INSTRUCTIONS TO FOLLOW - Please reproduce the entries below exactly, starting at the first line and ending with the line that holds "Manifestantes con una".

(SOURCE MATERIAL Opens)

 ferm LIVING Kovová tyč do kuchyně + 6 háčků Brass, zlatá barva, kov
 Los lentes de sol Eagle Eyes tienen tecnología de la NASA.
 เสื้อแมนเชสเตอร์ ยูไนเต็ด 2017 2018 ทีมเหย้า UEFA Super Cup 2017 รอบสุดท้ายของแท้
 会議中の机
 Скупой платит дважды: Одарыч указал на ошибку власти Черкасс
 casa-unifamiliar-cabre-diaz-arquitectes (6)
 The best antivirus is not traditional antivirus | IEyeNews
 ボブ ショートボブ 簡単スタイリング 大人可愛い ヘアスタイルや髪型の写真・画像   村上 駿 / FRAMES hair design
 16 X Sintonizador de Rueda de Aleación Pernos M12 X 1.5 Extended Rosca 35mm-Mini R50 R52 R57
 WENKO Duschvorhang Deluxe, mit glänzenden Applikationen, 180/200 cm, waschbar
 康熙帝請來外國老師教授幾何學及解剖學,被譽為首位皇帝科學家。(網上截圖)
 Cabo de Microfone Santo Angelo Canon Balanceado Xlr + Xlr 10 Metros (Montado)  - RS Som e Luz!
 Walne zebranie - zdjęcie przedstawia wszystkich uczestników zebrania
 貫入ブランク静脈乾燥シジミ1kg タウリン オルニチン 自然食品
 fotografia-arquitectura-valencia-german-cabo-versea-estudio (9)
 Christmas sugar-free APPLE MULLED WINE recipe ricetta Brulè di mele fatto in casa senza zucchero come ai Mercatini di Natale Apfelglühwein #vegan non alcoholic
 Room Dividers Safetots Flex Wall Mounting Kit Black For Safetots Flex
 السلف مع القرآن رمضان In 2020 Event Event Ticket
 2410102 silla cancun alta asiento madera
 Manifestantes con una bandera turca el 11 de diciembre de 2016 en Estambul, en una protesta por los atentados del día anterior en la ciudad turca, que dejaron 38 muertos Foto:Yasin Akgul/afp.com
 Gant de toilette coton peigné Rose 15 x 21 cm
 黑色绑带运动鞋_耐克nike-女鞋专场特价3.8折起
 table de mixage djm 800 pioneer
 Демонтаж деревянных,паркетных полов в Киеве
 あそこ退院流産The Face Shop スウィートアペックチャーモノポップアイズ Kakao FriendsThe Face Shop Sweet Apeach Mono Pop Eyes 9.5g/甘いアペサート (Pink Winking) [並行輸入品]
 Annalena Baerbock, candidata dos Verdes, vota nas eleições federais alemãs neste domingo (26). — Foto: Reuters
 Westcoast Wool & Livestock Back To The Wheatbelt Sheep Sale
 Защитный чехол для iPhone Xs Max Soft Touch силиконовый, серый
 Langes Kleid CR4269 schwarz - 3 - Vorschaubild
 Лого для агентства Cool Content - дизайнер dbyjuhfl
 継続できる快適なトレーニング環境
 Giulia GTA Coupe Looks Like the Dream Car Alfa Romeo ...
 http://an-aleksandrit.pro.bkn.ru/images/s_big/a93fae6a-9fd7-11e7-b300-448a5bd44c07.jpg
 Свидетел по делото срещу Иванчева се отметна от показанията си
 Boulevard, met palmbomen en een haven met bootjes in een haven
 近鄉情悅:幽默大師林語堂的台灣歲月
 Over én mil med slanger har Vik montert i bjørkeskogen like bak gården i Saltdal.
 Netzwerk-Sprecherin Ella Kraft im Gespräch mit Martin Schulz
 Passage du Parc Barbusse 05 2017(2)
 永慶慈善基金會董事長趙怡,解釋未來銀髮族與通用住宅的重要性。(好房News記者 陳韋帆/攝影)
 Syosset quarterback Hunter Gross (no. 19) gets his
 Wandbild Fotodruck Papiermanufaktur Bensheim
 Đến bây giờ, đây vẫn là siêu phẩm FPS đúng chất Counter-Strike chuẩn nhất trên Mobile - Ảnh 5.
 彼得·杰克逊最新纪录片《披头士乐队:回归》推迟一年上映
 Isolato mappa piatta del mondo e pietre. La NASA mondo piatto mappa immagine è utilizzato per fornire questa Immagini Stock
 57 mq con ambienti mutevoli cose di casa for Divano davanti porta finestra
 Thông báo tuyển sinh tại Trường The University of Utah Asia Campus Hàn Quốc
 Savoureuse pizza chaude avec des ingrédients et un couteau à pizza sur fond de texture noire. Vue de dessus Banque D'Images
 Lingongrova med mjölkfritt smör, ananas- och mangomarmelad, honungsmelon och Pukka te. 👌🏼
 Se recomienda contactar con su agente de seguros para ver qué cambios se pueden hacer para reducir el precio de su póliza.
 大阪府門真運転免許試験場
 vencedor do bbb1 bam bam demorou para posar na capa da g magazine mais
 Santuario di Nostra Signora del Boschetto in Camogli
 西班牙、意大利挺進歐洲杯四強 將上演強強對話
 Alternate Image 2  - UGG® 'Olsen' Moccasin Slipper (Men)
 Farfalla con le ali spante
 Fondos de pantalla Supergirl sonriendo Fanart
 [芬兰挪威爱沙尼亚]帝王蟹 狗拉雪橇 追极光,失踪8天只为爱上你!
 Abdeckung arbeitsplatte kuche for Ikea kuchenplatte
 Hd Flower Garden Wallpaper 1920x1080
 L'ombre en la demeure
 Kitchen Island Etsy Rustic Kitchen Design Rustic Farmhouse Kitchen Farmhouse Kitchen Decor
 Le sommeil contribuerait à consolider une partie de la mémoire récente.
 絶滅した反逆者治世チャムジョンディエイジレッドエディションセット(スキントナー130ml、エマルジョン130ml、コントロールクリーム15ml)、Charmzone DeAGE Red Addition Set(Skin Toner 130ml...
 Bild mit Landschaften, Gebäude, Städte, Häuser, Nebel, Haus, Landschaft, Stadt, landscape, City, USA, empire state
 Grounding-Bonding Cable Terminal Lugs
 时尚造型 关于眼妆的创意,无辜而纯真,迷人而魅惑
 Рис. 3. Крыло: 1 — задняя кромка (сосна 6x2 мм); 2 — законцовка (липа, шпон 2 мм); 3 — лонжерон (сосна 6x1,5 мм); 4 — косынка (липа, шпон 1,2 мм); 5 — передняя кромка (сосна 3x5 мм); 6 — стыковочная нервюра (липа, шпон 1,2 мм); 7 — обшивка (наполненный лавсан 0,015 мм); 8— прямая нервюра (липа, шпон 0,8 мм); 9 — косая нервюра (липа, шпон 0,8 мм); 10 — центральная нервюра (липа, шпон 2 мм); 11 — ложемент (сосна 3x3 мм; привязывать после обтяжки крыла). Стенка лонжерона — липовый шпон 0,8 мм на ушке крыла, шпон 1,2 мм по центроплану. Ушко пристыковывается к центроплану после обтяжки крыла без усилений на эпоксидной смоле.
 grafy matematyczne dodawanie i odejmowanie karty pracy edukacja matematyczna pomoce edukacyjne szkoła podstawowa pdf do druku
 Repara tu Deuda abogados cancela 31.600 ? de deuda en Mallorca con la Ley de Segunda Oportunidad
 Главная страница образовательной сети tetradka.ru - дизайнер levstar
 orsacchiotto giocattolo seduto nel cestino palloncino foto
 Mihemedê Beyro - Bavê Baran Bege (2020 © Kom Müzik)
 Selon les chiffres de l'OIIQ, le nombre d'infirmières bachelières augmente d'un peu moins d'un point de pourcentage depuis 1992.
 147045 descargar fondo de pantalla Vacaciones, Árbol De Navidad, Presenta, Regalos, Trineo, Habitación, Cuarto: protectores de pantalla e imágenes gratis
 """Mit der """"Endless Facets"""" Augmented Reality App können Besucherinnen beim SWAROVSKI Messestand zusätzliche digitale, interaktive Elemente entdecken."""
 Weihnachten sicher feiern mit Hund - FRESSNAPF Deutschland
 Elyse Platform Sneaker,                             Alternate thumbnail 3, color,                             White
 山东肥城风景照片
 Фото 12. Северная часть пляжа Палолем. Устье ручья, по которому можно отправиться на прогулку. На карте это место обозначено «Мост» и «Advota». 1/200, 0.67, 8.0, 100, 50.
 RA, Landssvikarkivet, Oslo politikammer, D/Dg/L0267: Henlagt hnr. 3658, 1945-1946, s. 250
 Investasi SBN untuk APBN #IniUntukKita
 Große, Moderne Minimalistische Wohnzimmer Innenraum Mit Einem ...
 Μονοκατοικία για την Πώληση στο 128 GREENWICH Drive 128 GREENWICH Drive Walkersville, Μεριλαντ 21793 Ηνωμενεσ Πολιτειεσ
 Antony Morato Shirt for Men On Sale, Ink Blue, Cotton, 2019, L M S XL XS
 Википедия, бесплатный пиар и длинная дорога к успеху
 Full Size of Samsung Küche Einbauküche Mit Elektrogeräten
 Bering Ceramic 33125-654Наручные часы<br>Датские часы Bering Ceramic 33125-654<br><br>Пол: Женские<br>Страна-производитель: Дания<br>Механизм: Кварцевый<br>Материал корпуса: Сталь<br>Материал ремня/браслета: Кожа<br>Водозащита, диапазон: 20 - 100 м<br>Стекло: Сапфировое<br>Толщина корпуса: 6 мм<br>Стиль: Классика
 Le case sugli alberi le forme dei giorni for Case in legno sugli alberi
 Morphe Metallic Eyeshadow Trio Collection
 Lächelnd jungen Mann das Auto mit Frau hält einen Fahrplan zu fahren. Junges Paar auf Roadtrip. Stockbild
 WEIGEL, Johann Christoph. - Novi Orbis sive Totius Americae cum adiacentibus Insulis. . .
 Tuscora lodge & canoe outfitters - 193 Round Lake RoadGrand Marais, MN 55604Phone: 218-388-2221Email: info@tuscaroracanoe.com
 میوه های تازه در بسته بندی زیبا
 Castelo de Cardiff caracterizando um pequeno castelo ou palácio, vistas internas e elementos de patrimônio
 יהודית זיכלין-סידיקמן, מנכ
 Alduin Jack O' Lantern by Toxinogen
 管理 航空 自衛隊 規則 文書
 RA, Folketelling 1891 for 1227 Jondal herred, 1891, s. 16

(SOURCE MATERIAL Closes)

SOLUTION BELOW -
 ferm LIVING Kovová tyč do kuchyně + 6 háčků Brass, zlatá barva, kov
 Los lentes de sol Eagle Eyes tienen tecnología de la NASA.
 เสื้อแมนเชสเตอร์ ยูไนเต็ด 2017 2018 ทีมเหย้า UEFA Super Cup 2017 รอบสุดท้ายของแท้
 会議中の机
 Скупой платит дважды: Одарыч указал на ошибку власти Черкасс
 casa-unifamiliar-cabre-diaz-arquitectes (6)
 The best antivirus is not traditional antivirus | IEyeNews
 ボブ ショートボブ 簡単スタイリング 大人可愛い ヘアスタイルや髪型の写真・画像   村上 駿 / FRAMES hair design
 16 X Sintonizador de Rueda de Aleación Pernos M12 X 1.5 Extended Rosca 35mm-Mini R50 R52 R57
 WENKO Duschvorhang Deluxe, mit glänzenden Applikationen, 180/200 cm, waschbar
 康熙帝請來外國老師教授幾何學及解剖學,被譽為首位皇帝科學家。(網上截圖)
 Cabo de Microfone Santo Angelo Canon Balanceado Xlr + Xlr 10 Metros (Montado)  - RS Som e Luz!
 Walne zebranie - zdjęcie przedstawia wszystkich uczestników zebrania
 貫入ブランク静脈乾燥シジミ1kg タウリン オルニチン 自然食品
 fotografia-arquitectura-valencia-german-cabo-versea-estudio (9)
 Christmas sugar-free APPLE MULLED WINE recipe ricetta Brulè di mele fatto in casa senza zucchero come ai Mercatini di Natale Apfelglühwein #vegan non alcoholic
 Room Dividers Safetots Flex Wall Mounting Kit Black For Safetots Flex
 السلف مع القرآن رمضان In 2020 Event Event Ticket
 2410102 silla cancun alta asiento madera
 Manifestantes con una bandera turca el 11 de diciembre de 2016 en Estambul, en una protesta por los atentados del día anterior en la ciudad turca, que dejaron 38 muertos Foto:Yasin Akgul/afp.com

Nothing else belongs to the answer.